Growth hormone excess produces acromegaly if it happens during adulthood.

Clinical suspicion

Suspect when manifestations characteristic of acromegaly are present. These include acromegalic facies (prominent orbital ridges, large nose, prominent lower jaw and thickening of the lips), thick skin, enlargement of the hand and foot, visceromegaly, dorsal kyphosis and macroglossia, carpal tunnel syndrome, hypertension and cardiomyopathy in addition to an increased incidence of ischemic heart disease. Endocrinal manifestations include diabetes, galactorrhoea, menstrual irregularities. Acromegaly is sometimes very difficult to diagnose as the manifestations evolve very gradually.

Diagnosis

Once suspected diagnostic investigations include glucose tolerance test and insulin-like growth factor-1 (IGF-1, somatomedin C) assays.

1. Glucose tolerance test: Normally growth hormone is suppressed after oral intake of 50mg of glucose due to inhibition of GHRH secretion. In cases of acromegaly growth hormone levels fail to suppress or may even rise.

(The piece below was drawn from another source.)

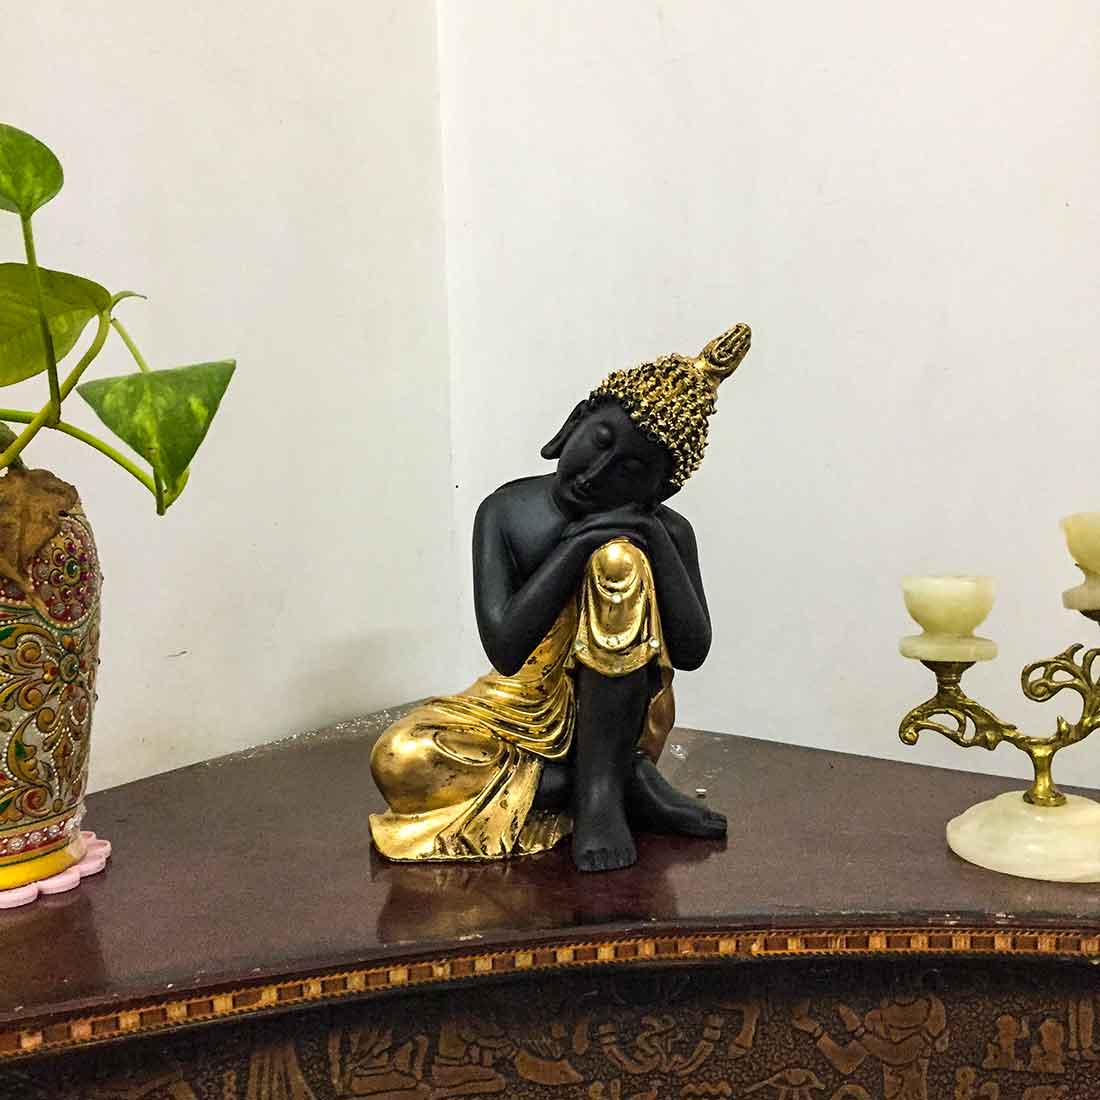 Golden Relaxing Buddha Statue - for Home Decor & Spiritual Living - 8 Inch - ApkaMart

2.  insulin-like growth factor-1 (IGF-1, somatomedin C) assays are always elevated in acromegaly and do not fluctuate like growth hormone levels.

Treatment

Treatment is mainly surgical (transfenoidal adenectomy or hypophysectomy of the acidophil adenoma is the treatment of choice if the case is urgent and accompanied by complications such as visual field defects.

Bromocriptine paradoxically leads to a significant reduction in growth hormone levels. Cabergonline is another dopaminergic agent used to reduce growth hormone levels in gigantism.

Octreotide is a synthetic somatostatin analogue which is more effective than bromocryptine.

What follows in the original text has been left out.